I want to leave you with two final memories:


One afternoon, a few months before he moved to Arbor Terrace, and well after Alzheimers had started to affect him, he came across a book my mom was reading, "Tomorrow and tomorrow and tomorrow". He looked at the title of the book and continued the quote from Macbeth:

"Creeps in this petty pace from day to day"

This morning I looked up the rest of this quote (because I don't have the memory for Shakespeare that he maintained when he could no longer remember his own address). It seemed serendipitously relevant, so I wanted to share it with you now:

Tomorrow, and tomorrow, and tomorrow,
Creeps in this petty pace from day to day,
To the last syllable of recorded time;
And all our yesterdays have lighted fools
The way to dusty death.
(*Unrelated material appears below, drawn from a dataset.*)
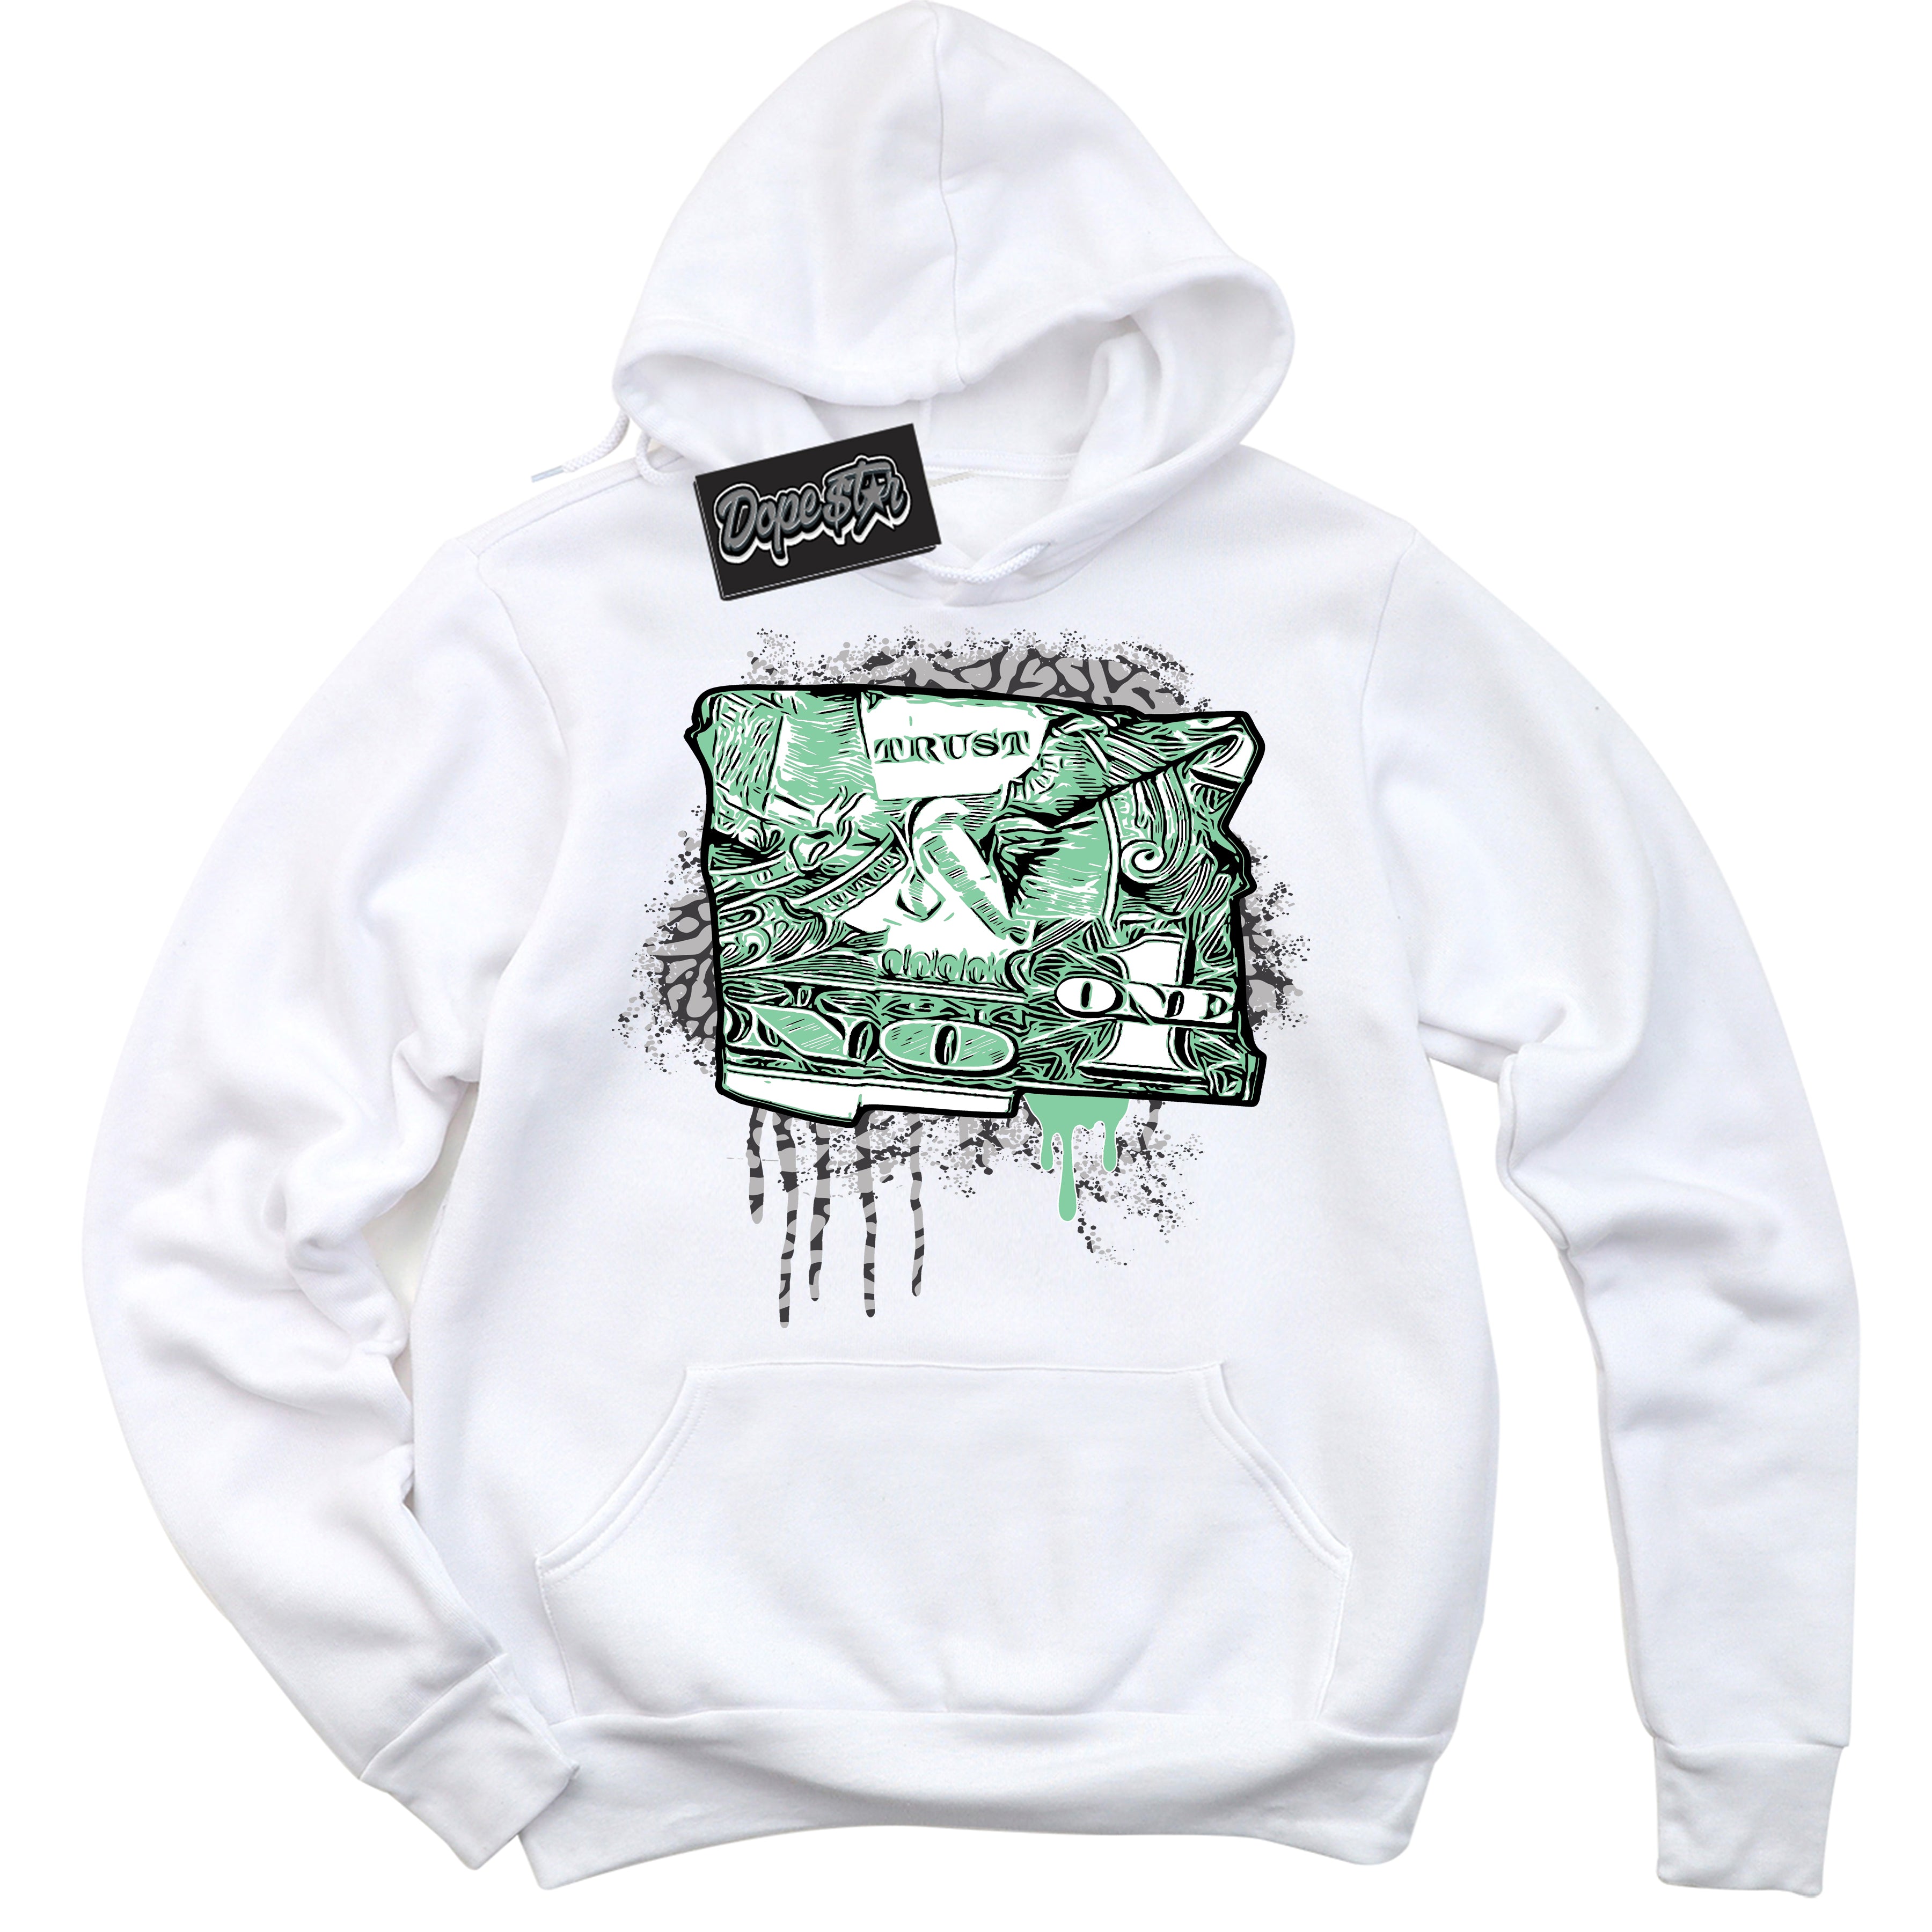 Cool White Graphic DopeStar Hoodie with “ Trust No One Dollar “ print, that perfectly matches Green Glow 3s sneakers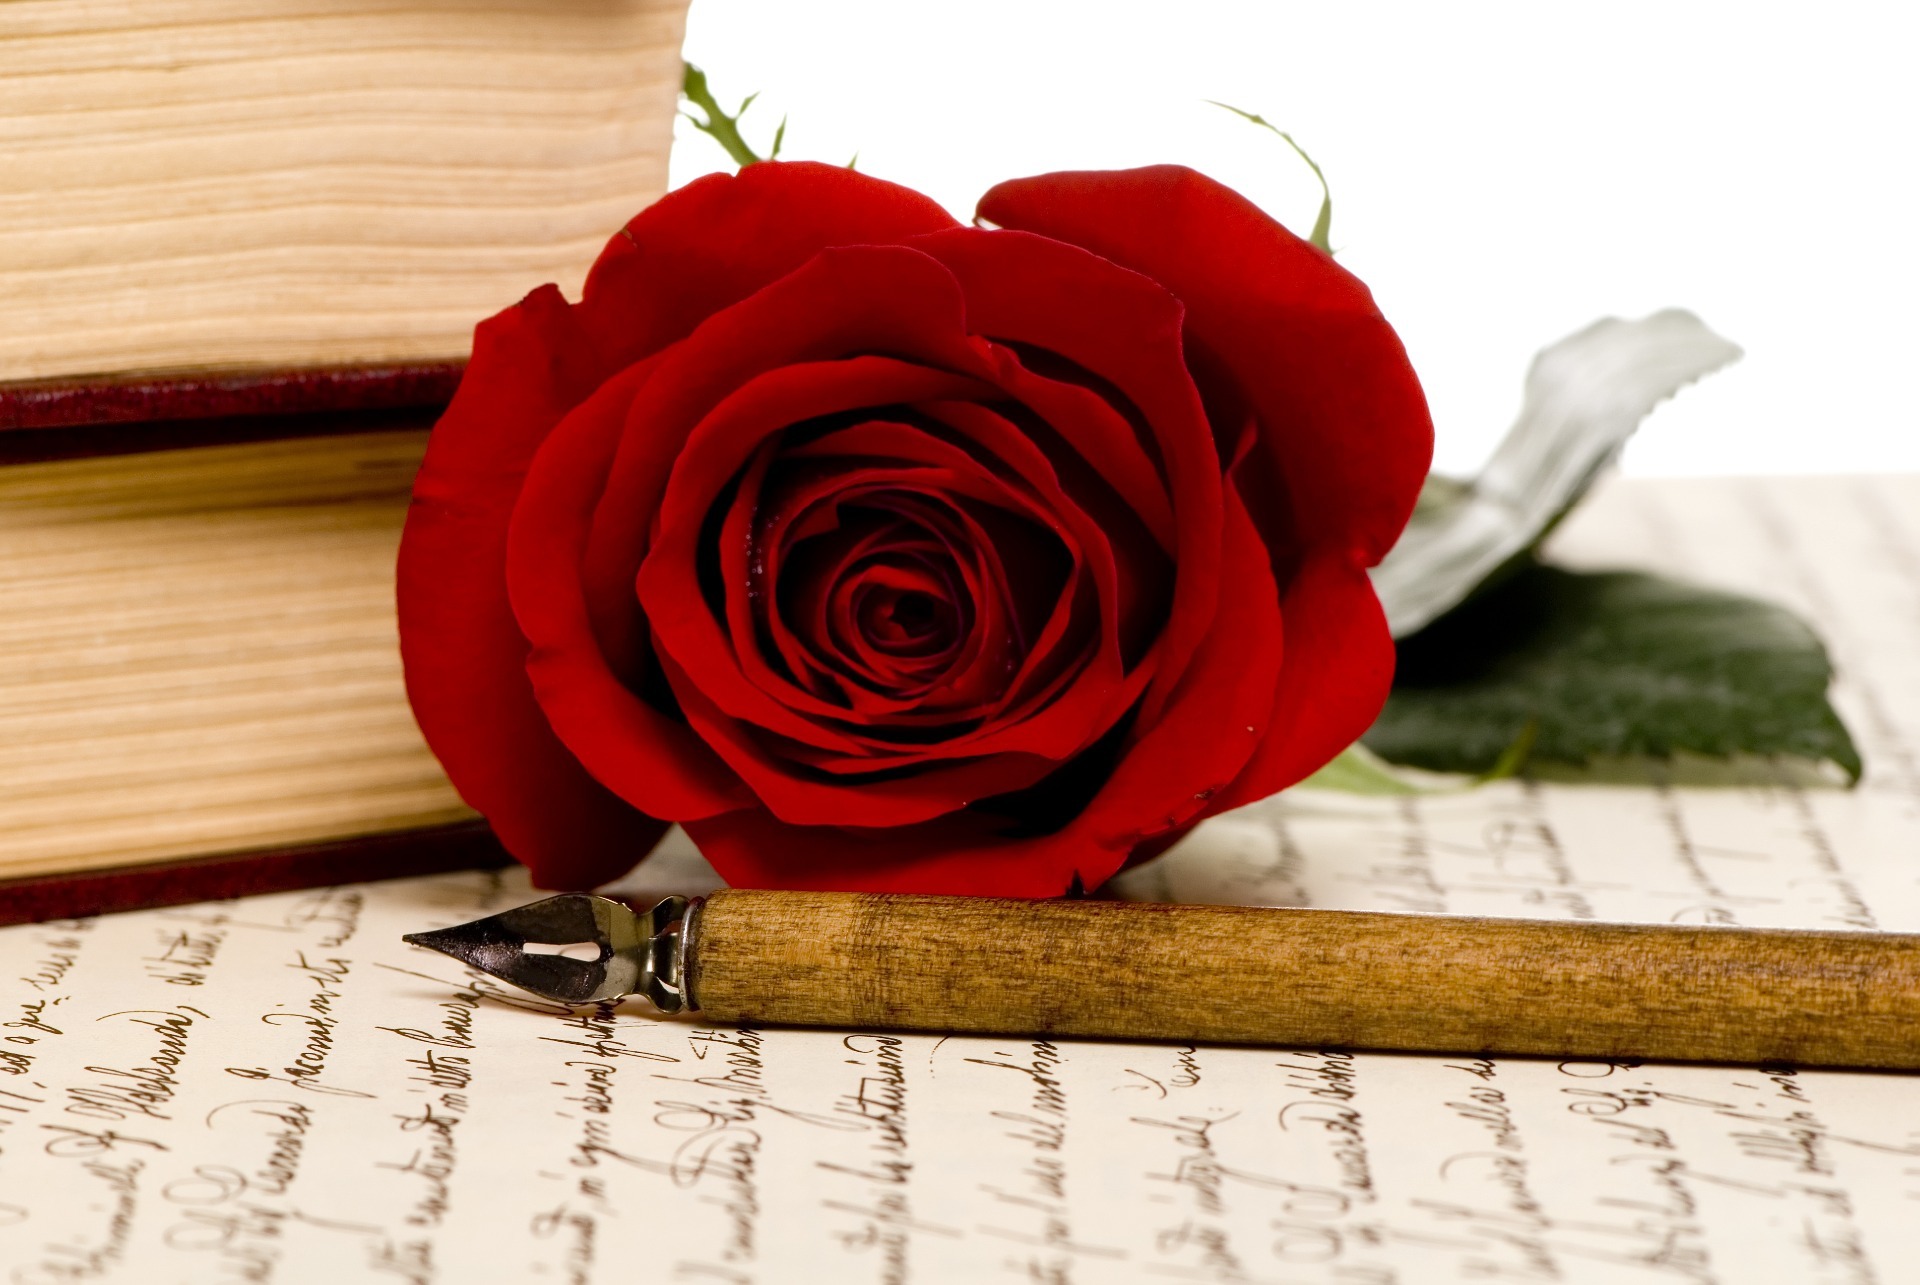 A red rose resting on top of a Will.

Out, out, brief candle!
Life's but a walking shadow, a poor player,
That struts and frets his hour upon the stage,
And then is heard no more. It is a tale
Told by an idiot, full of sound and fury,
Signifying nothing.


And finally, and in contrast:

There was a story that we read together when I was a kid that told of two friends, one religious and the other a nihilist. The nihilist says that nothing matters, that life is pointless, and that we should take it less seriously. Later, the nihilist witnesses a child who is drowning and jumps in to save him. The religious friend asks why he did that, if nothing matters, and the nihilist responds:

"Well, I might be wrong".


My dad loved that story when we read it. In fact I made him a shirt for his birthday one year with that quote on it! But at the time I didn't fully understand its significance in the way he did. I think, or at least like to think, that now I do. Take the joke seriously. Realize it's just for show, that it signifies nothing, but decide to act anyway. Learn as much as you can about the world, and never forget that you might be wrong.